What the inside of a custard apple looks like
When you break open a ripened custard apple, eat the fleshy part and take out the black seeds.


Don't they look so mouth-watering? Our driver took us to his family's roadside stall where they were selling these fruits and we got a great deal. We also bought some fruit at the stalls outside of Daulatabad Fort. 


The Daulatabad Fort is about 9 miles northwest of Aurangabad in a town called Daulatabad. It was once known as the invincible fort because of its impressive defenses and strategic traps laid throughout the fort. 



Entrance gate to Daulatabad Fort
Look at the spikes on this gate!


Just look at him grinning, standing next to the massive entrance gate. Before gunpowder, intoxicated elephants were used as a battering ram to break open the gates. The presence of spikes ensured that the elephants died of the injury. 


Those poor elephants. Where was P.E.T.A.?


As we walked through the entrance gate, we saw canons like the one below lined up against one side of the fort wall. 




I wonder if that is the "curb" appeal for the adventure buffs like my husband. He couldn't wait to go inside and explore the fort.


Below is a picture of Chand Minar or the Tower of the Moon. Chand Minar was inspired by Qutub Minar in Delhi. A small mosque sits at the base of the tower. You can see the tower from every corner of the fort. 


Chand Minar in the distant

The tower was closed so we couldn't peek inside. :( We moved onwards into the fort. It was a long walk up the fort with twists and turns and many, many steps. You must wear good walking shoes or sneakers for this trek. 


Michael on top of the Daulatabad Fort


Michael climbed on top of the fort's wall to get a better look at the view. He didn't say anything but I knew he was thinking, "I'm on top of the world." 

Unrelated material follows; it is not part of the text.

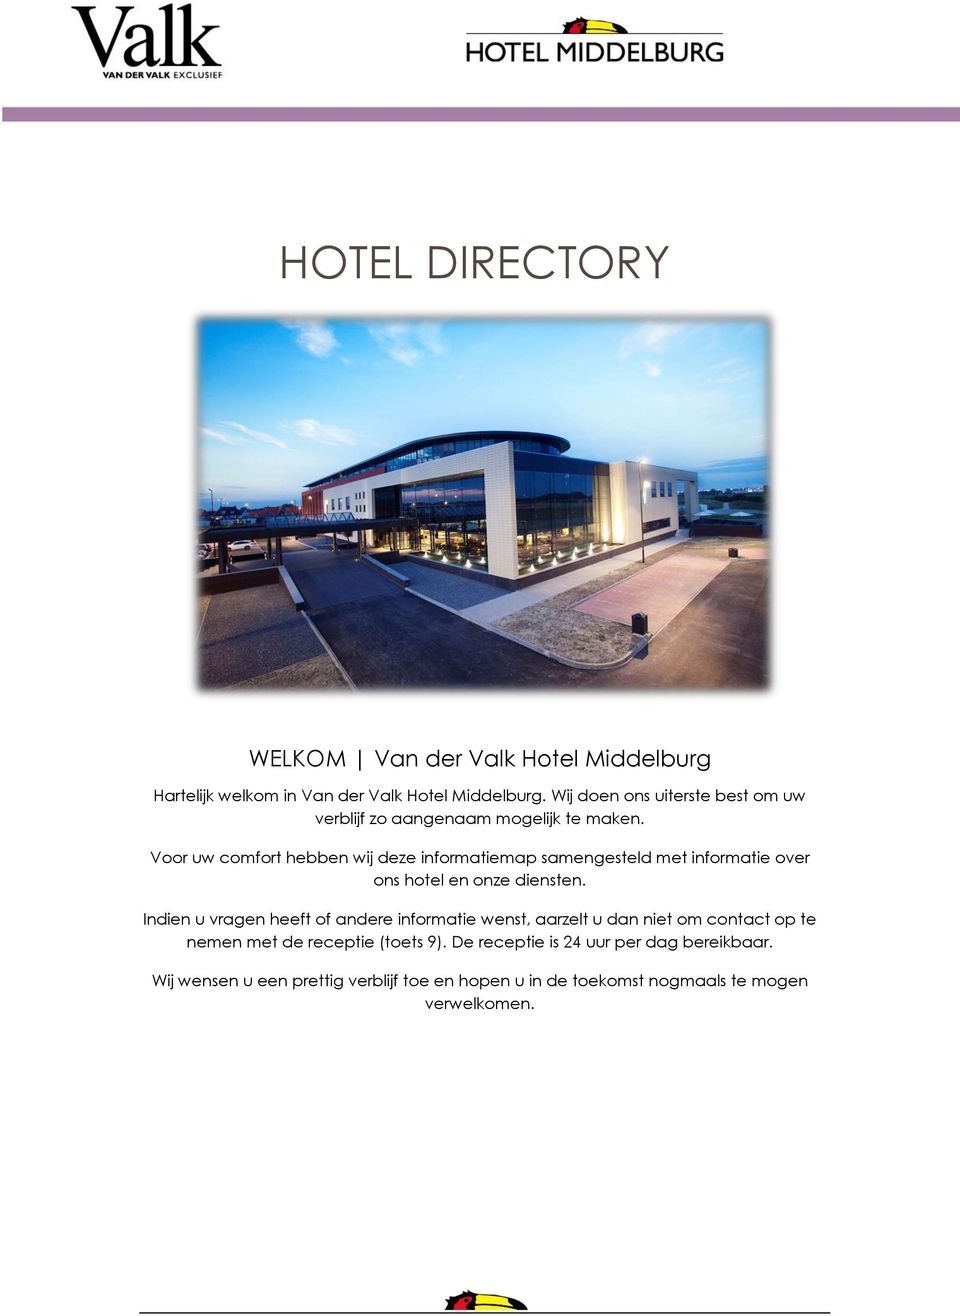 Voor uw comfort hebben wij deze informatiemap samengesteld met informatie over ons hotel en onze diensten.

The view of Chand Minar from the top of Daulatabad Fort
You can see Chand Minar from every corner and touch it as well! hehe



Hello, honey. How's the view from up there?


There is a narrow set of steps that lead visitors up to the tippy top of this fort. Of course, my husband had to check it out. I, on the other hand, wanted to live to see the next day, so I decided to let him go up and took a picture of his great feat from below. 

The best and only part my husband seems to remember from our trip to the fort is what happened after we came up the stairs in the picture below:


About midway in the fort, there is an entrance into the cave...the Bat Cave to be precise. This cave was meant to confuse enemies. I'm sure it did precisely that...it confused the hell out of me. It seemed to go on forever and reeked of bat guano. We were crawling through the cave because if you dared to look up, there were thousands of BATSSSS!!! 

I was hanging onto my husband for dear life and hoping nothing touched me. After what felt like an hour but it was really 5 to 10 minutes (depending on how slowly you are walking/crawling through the cave), we climbed up the stairs and into the open air. 

FREEDOM!!! I had never been so happy to breathe in my life. By the way, I'm sorry there aren't any pictures from inside the Bat cave. I really didn't want to die. 

If this is how I felt, can you imagine how the enemies felt back then? There must have been mass confusion. Not to mention that there was a massive moat around this fort. One wrong step and down you go into the moat filled with monstrous creatures. 


Another view of Chand Minar!


We had fun exploring this fort and learned more about its importance. Another gem in Aurangabad that is worth visiting is Bibi ka Maqbara:


Doesn't it remind you of the Taj Mahal? 

Although not as well known as the Taj Mahal, Bibi ka Maqbara ("Mini Taj") is important in its own right. It was commissioned in 1660 by the Mughal emperor Aurangzeb in memory of his first and chief wife, Dilras Banu Begum. 

As we walked along the path, it seemed like we were walking towards the Taj Mahal because of how it was constructed. The Taj Mahal is actually the "final resting place" or mausoleum of Aurangzeb's mother, Mumtaz Mahal. 

Michael and I enjoyed our 2.5 days stay in Aurangabad and explored as much as we could. We also indulged in the cuisine and seasonal fruits such as the many varieties of custard apples (regular, Hanuman phal, and chocolate), and pink guavas. We definitely recommend to all to visit Aurangabad and discover the historical gems in and around this city.